Kaggle-planet-test-tif.torrent	     test_v2_file_mapping.csv
Kaggle-planet-test-tif.torrent.zip   train_v2.csv
Kaggle-planet-train-tif.torrent.zip  train_v2.csv.zip
sample_submission_v2.csv.zip

I am not sure how to open/unpack the files that are in

Kaggle-planet-test-tif.torrent

and

Kaggle-planet-test-tif.torrent

which has the training and testing files. Any ideas on how to go about it??

1 Like

Hi Sanwal hope your having lots of fun.


You may need to download a torrent downloader like Bitorrent in order to down load the torrent files.

cheers mrfabulous1 :smiley::smiley:

it’s not allowed to download files in colab. Still what you can do is save it to the google drive but the file is of the size 19.4gb rest u decide.

I’m facing the same problem.
However, I’m using GCP, instead of Colab.
I need a way to download the torrent files directly to the cloud, without downloading it to the local disk and then uploading it to the cloud, because my daily internet data limit is 5GB. There must be some command to do that. Can someone please help me out.
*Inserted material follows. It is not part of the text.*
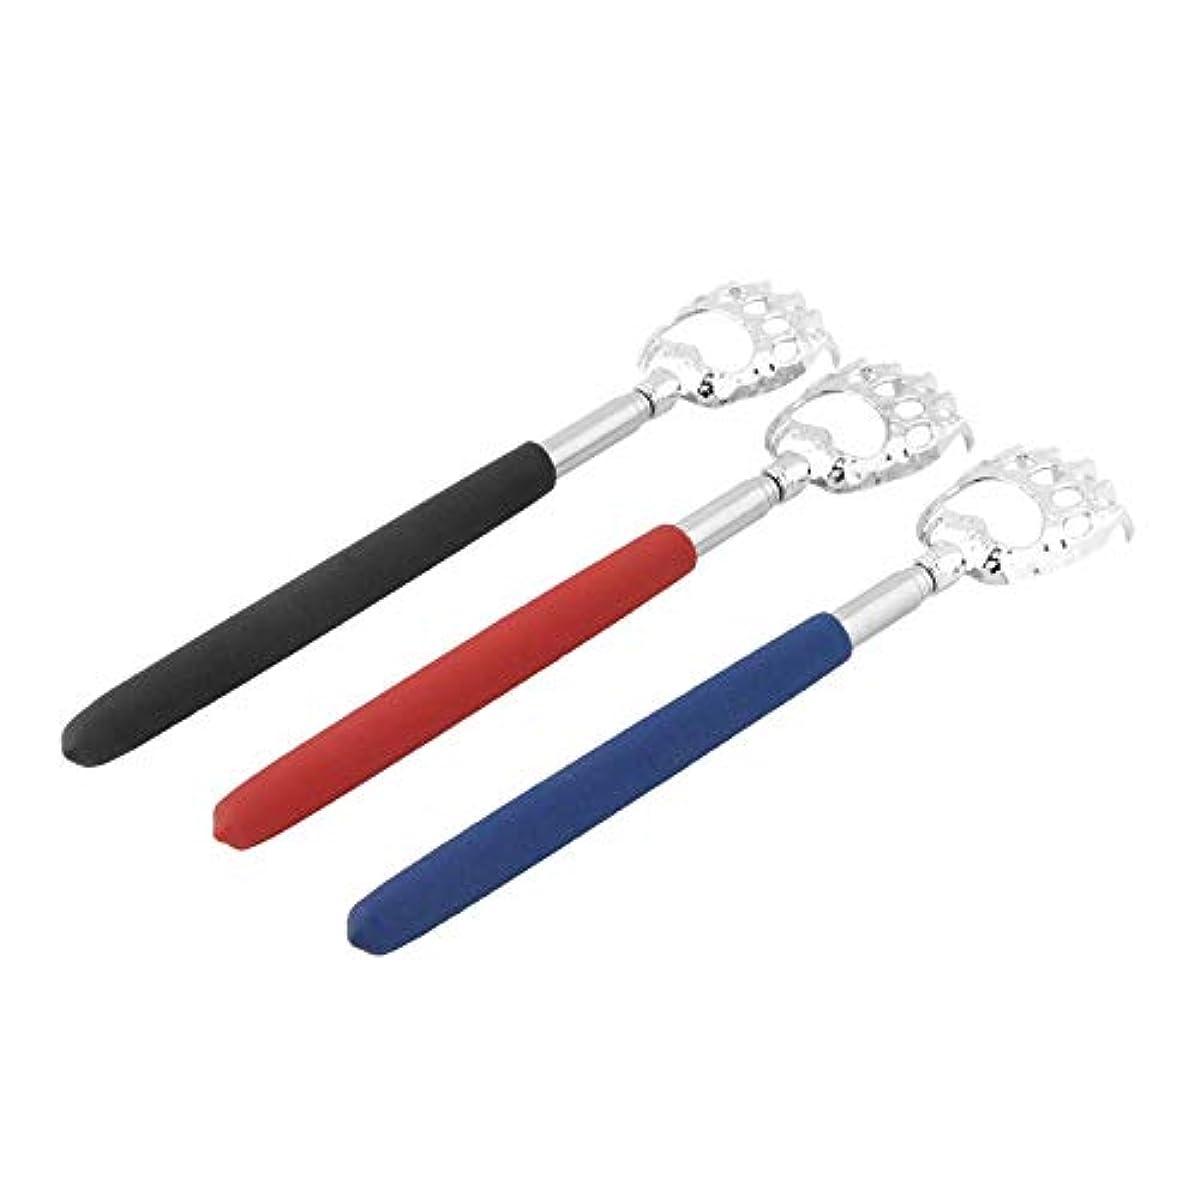 賢い起訴する賞賛Hot Selling 10pcs Bear Claw healthy Back Scratcher Zinc alloy Portable Extendable Handy Pocket Pen Clip Back Scratcher

You can try aria2, tried it once in colab and it did work.

1 Like

https://colab.research.google.com/drive/1lwODJuLEJAtlaJc_4lSAa9NzgFl-jjCB

This is what I did to get the data from Kaggle.

3 Likes

Was anyone able to formalize a way for getting data out of these torrent files. Or another way to extract the data

Is there a working version for Windows?

Has any one figured out a solution to fetch data from .torrent files?
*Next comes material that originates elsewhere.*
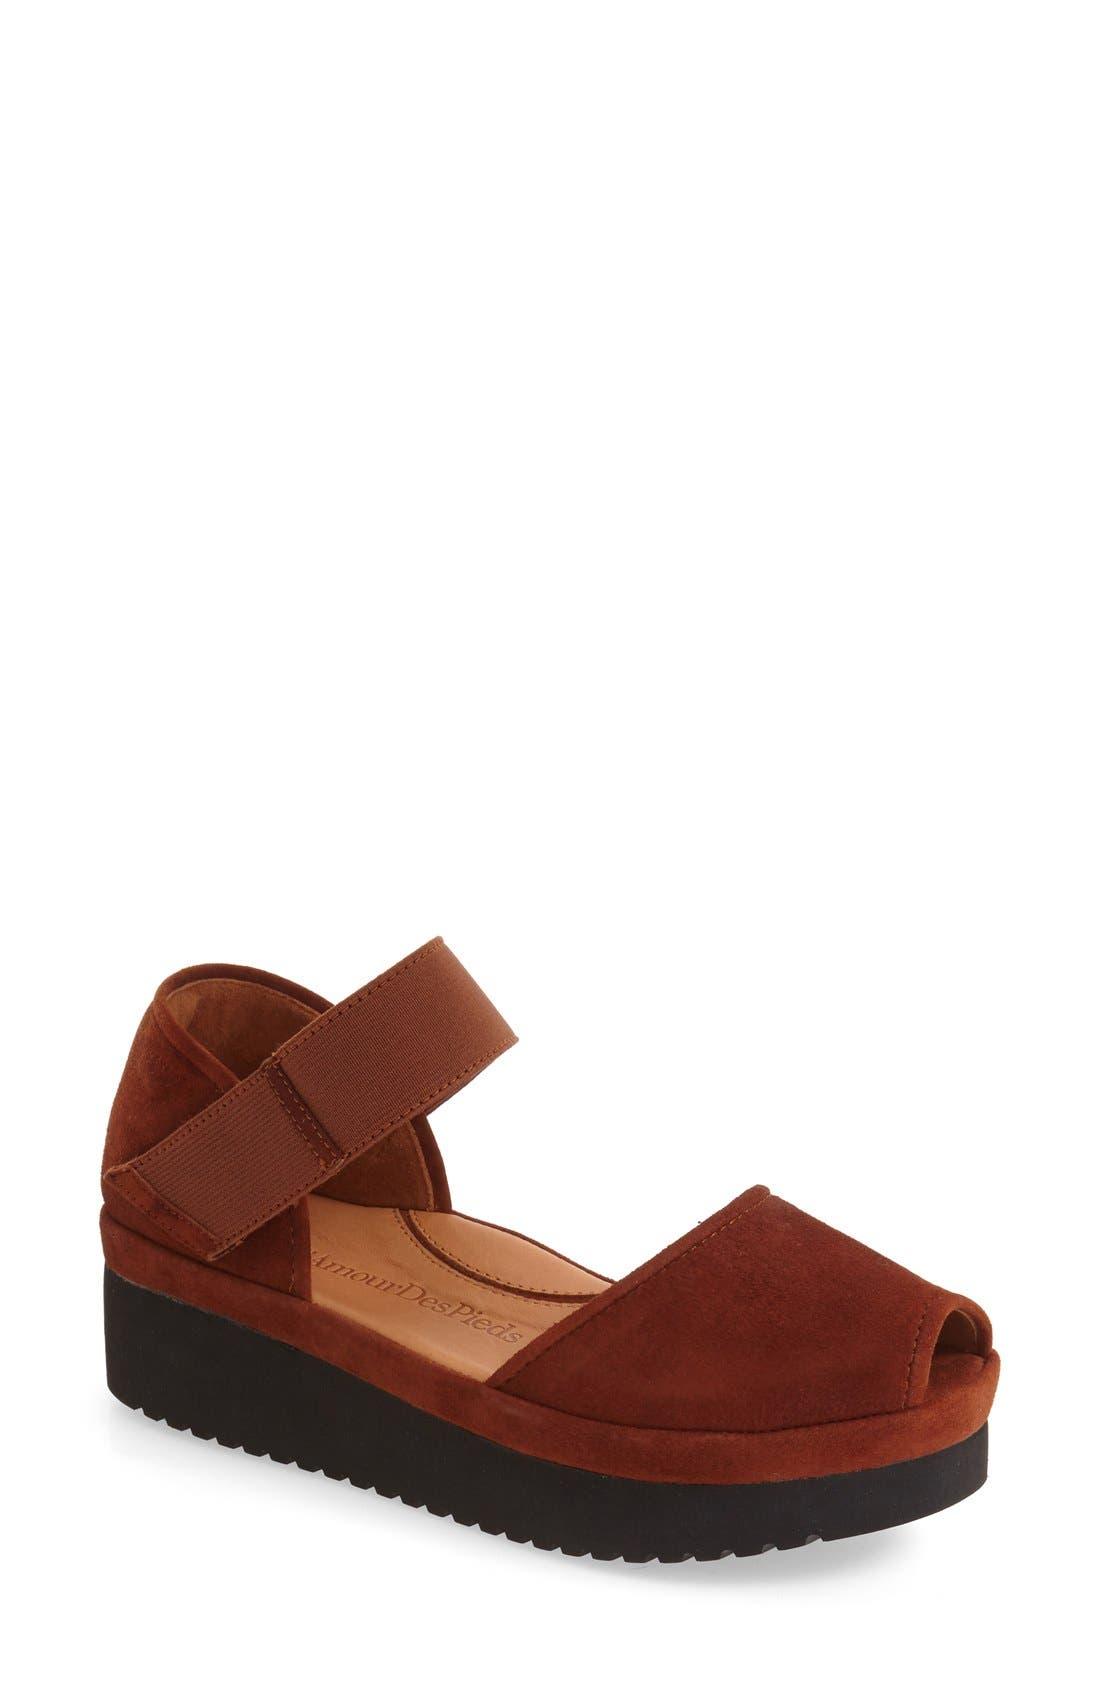 Main Image - L'Amour des Pieds 'Amadour' Platform Sandal (Women)

I have found out that these .torrent files are not valid any more.
I have tried with qbittorrent and transmission-cli tools. They are tools to download torrent files in linux - but no success. I eventually then downloaded separately train-jpeg.tar and uploaded to my gcp instance.

1 Like

Yes. I tried this for 2 days, but eventually gave up… Thanks

somebody rehosted them on kaggle.

!kaggle datasets download nikitarom/planets-dataset -p "{path}"
!unzip -q -n '{path}'/planets-dataset.zip -d '{path}'
3 Likes